(Data below)
---------------

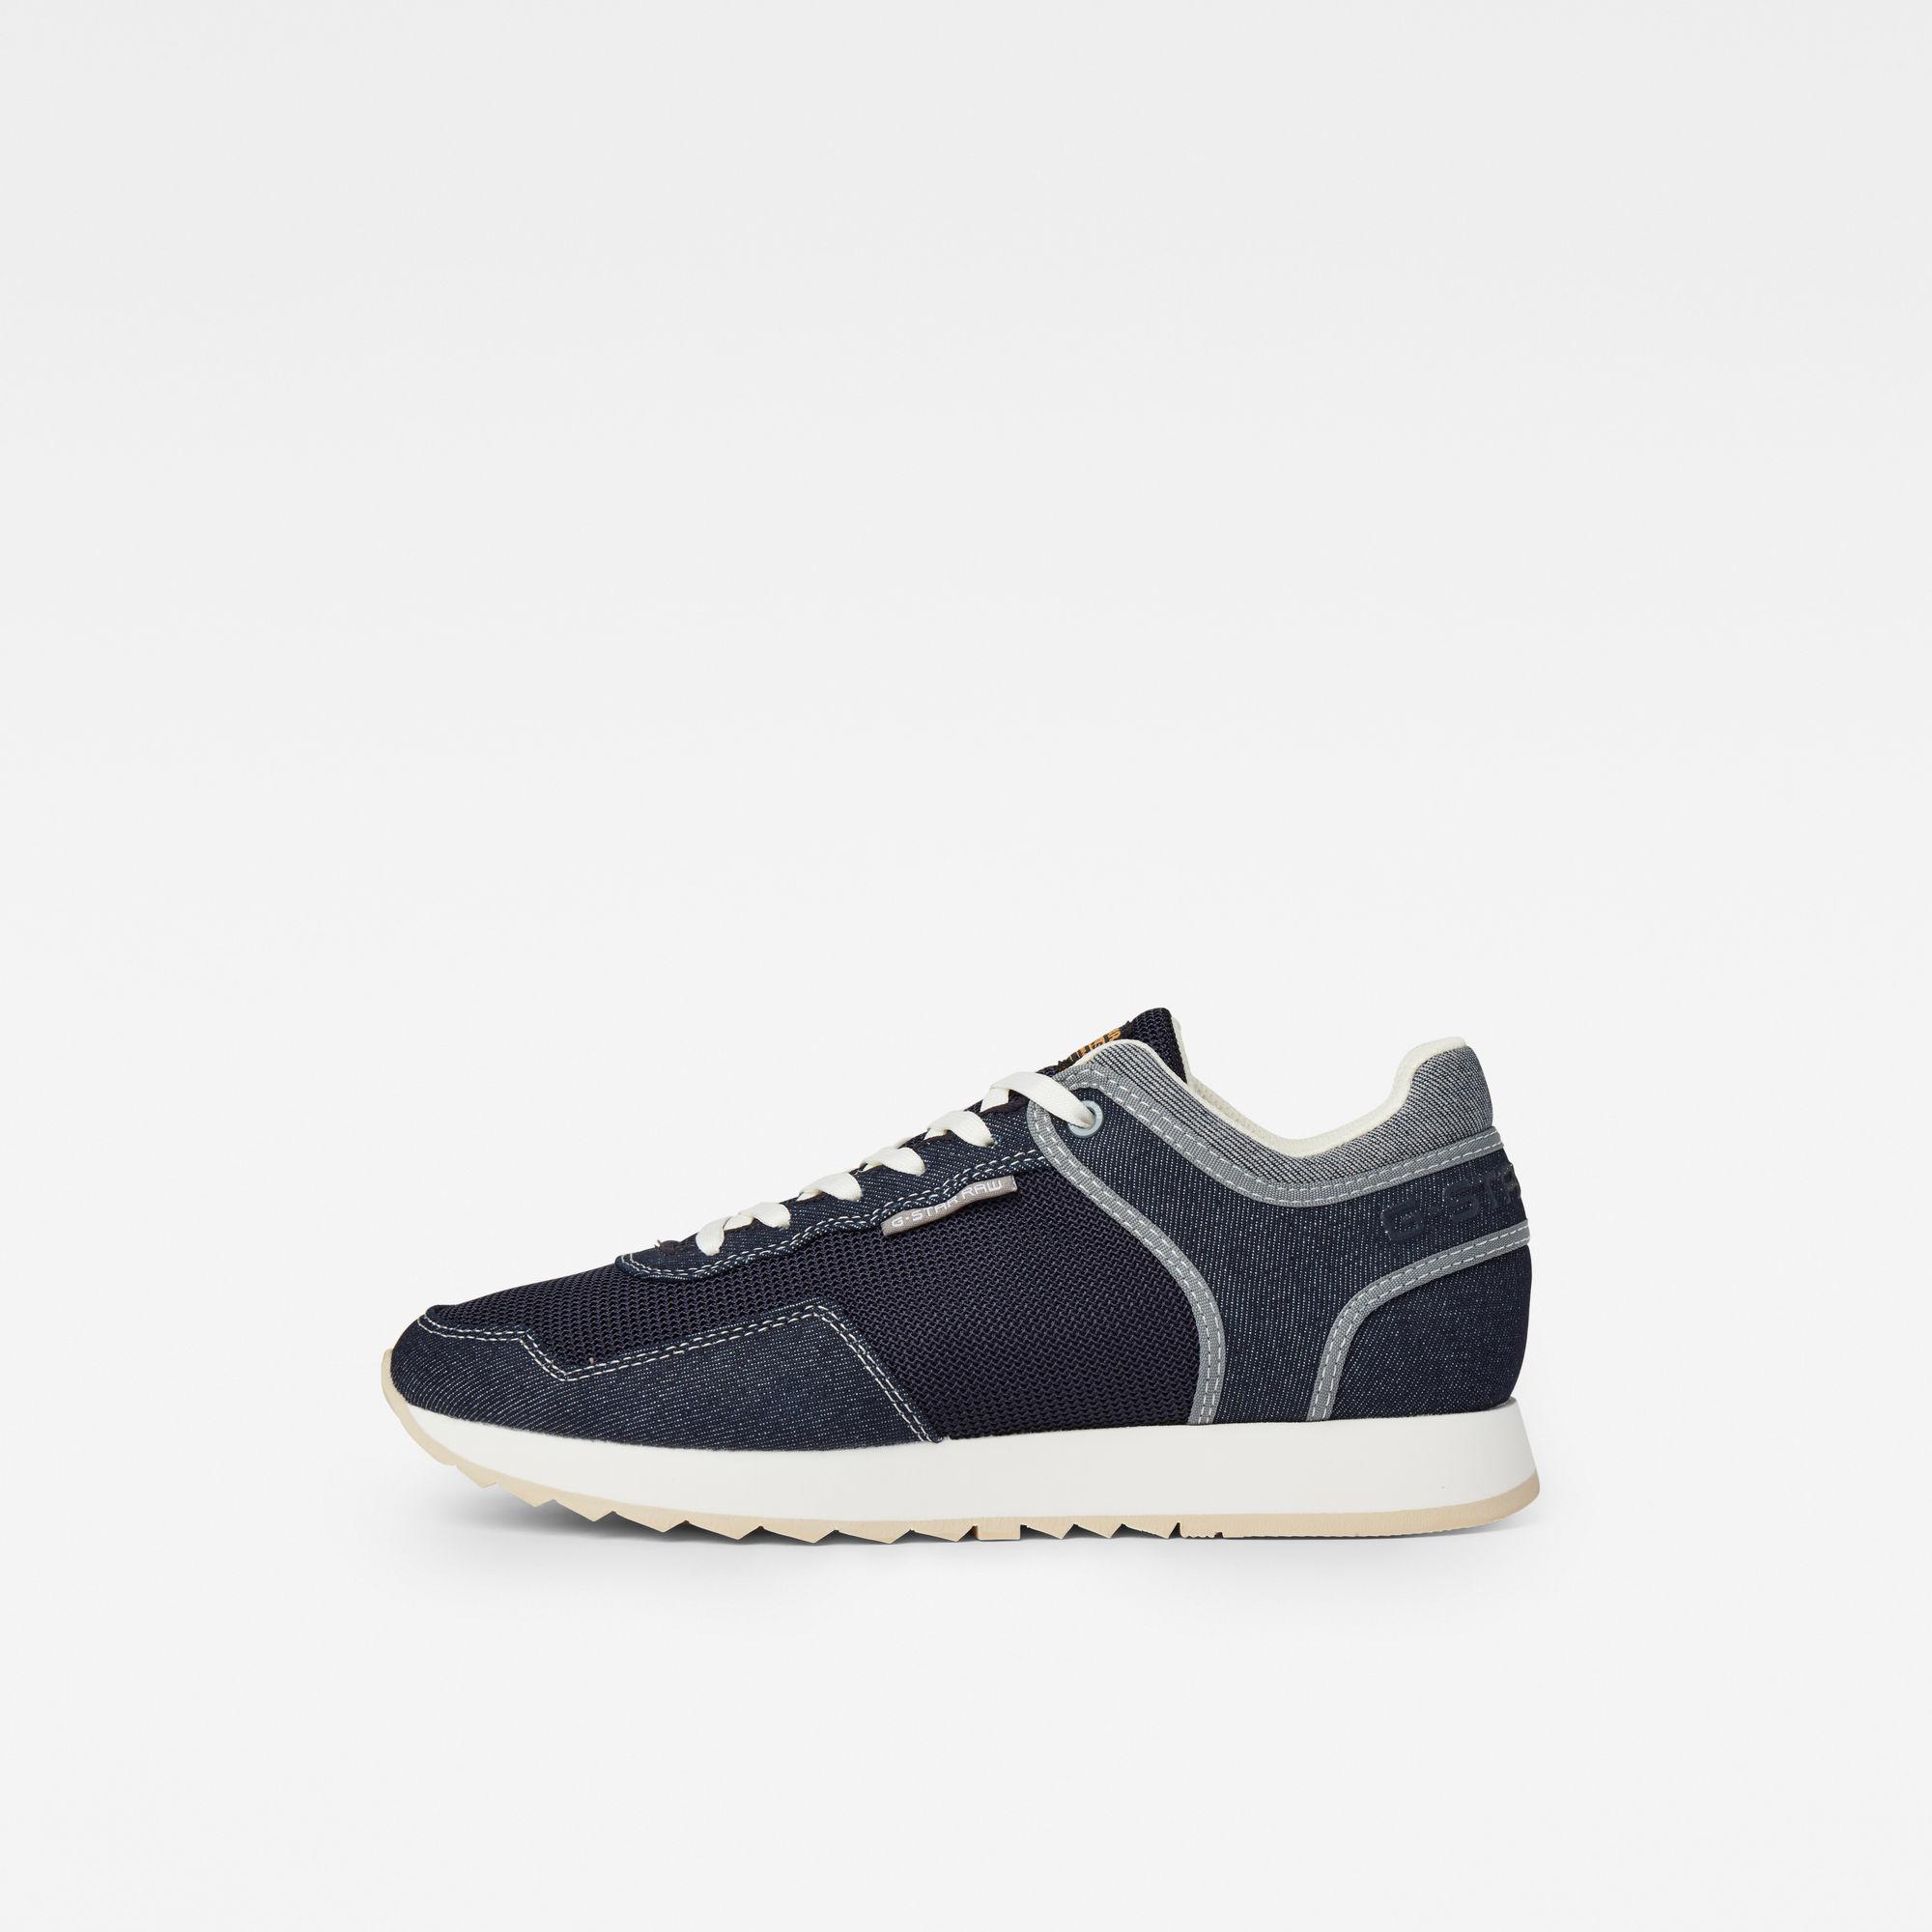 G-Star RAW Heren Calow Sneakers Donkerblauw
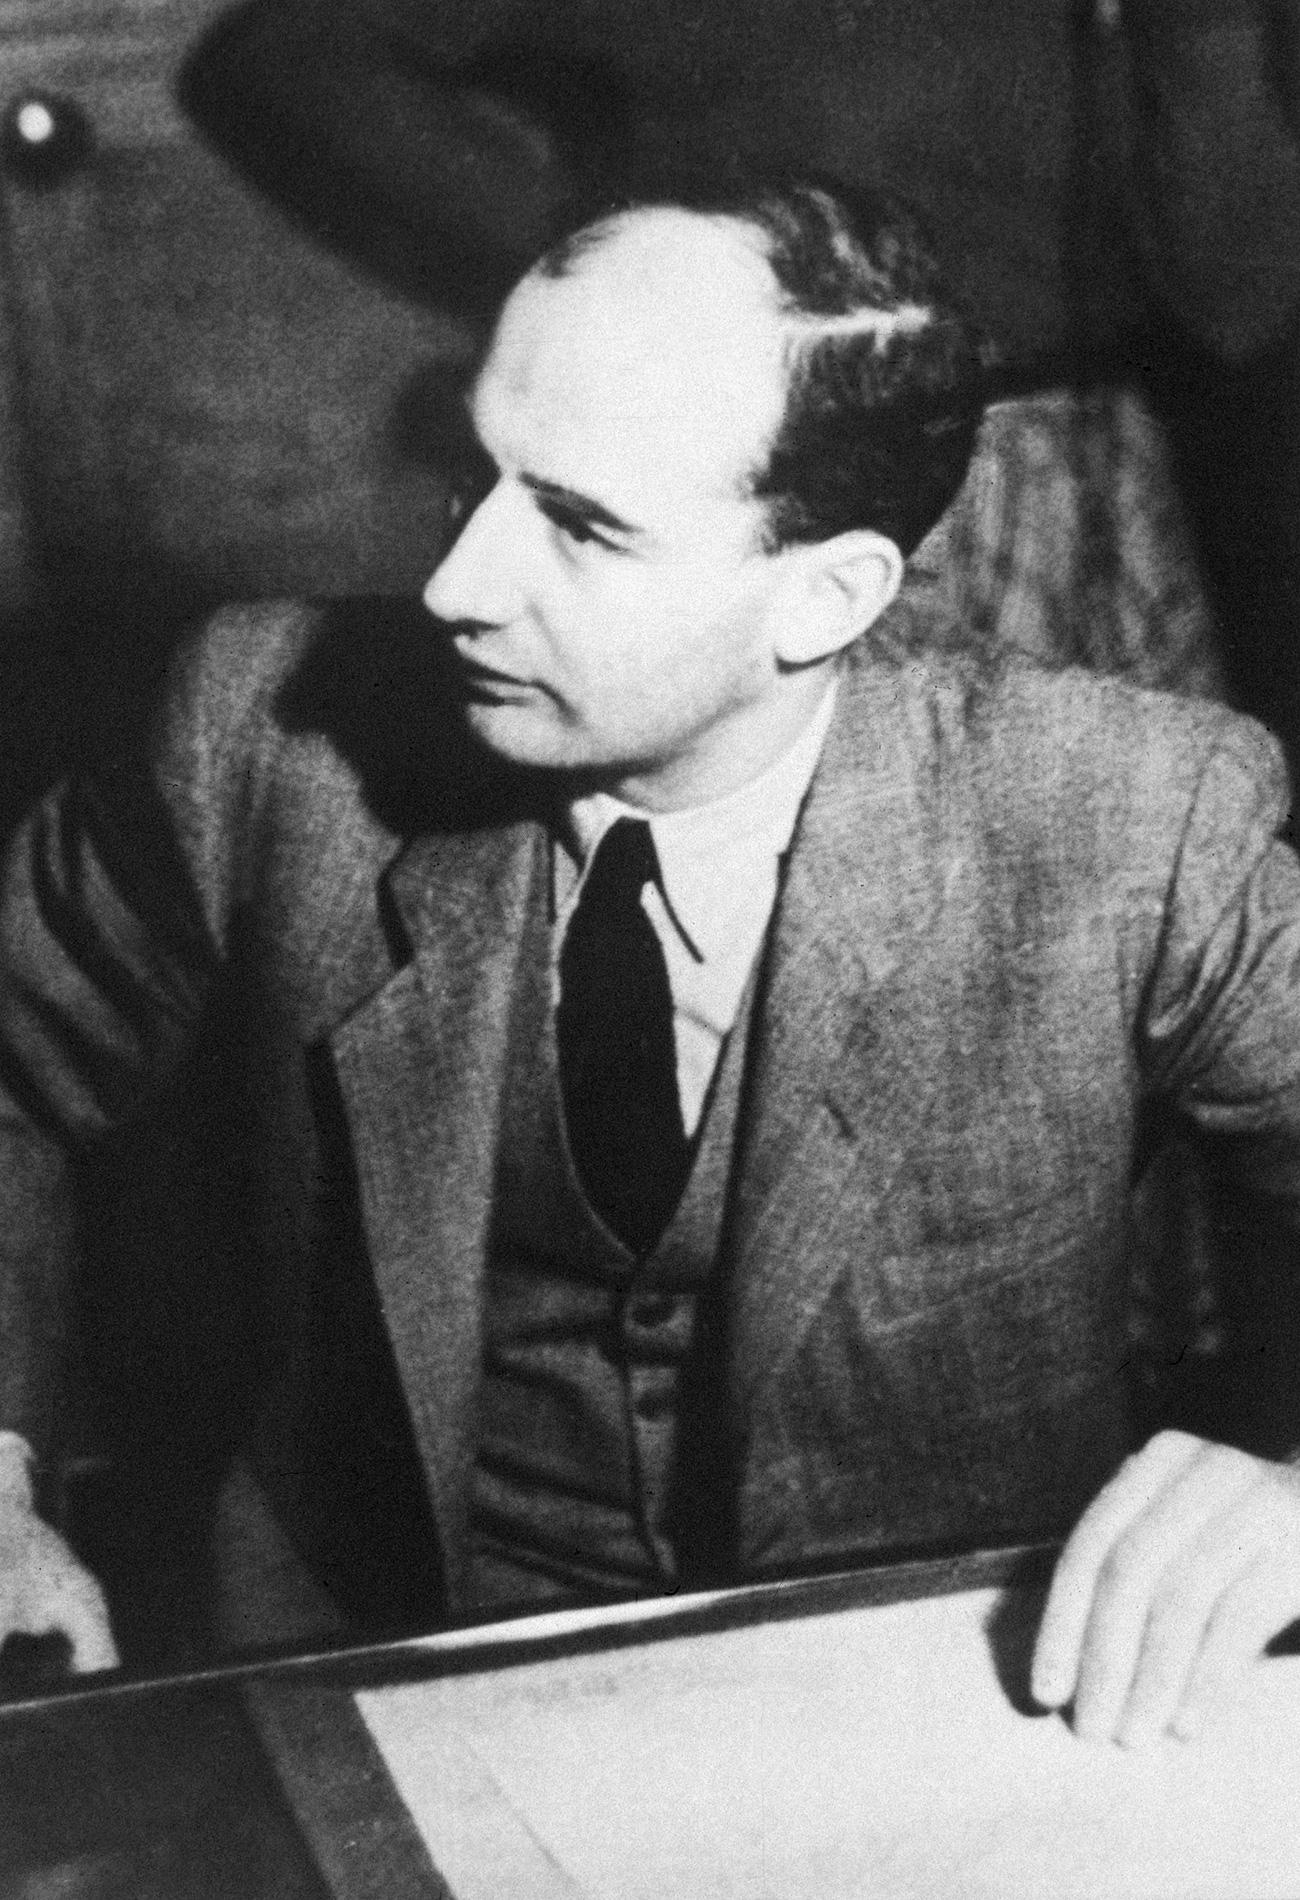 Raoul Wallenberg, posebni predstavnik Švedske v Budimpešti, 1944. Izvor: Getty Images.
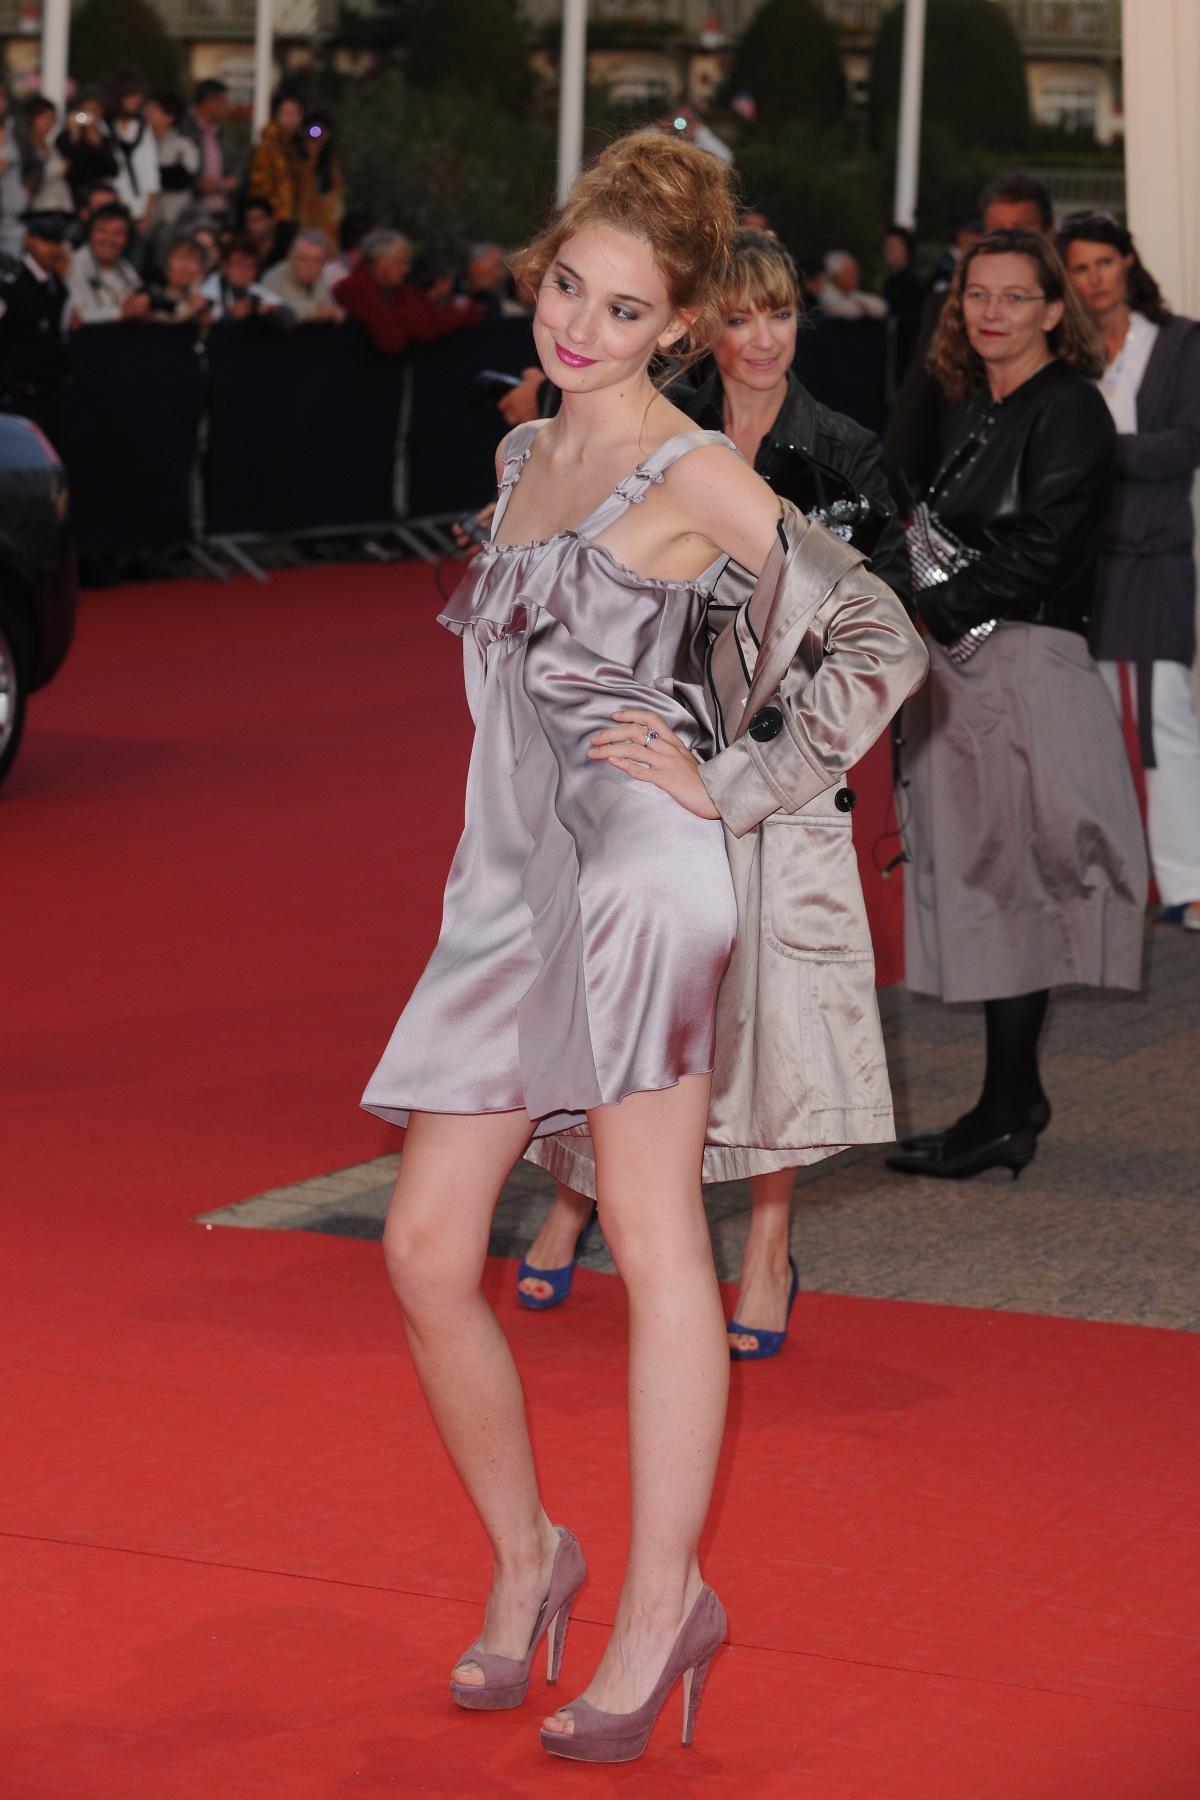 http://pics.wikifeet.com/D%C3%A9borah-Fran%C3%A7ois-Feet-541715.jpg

---------------

(Exercise)
Retype verbatim only the lines beginning with the line that contains "Raoul Wallenberg, posebni" and ending with the last line of the listing above; pictures are to be excluded.

(Written response)
 Raoul Wallenberg, posebni predstavnik Švedske v Budimpešti, 1944. Izvor: Getty Images.
 http://pics.wikifeet.com/D%C3%A9borah-Fran%C3%A7ois-Feet-541715.jpg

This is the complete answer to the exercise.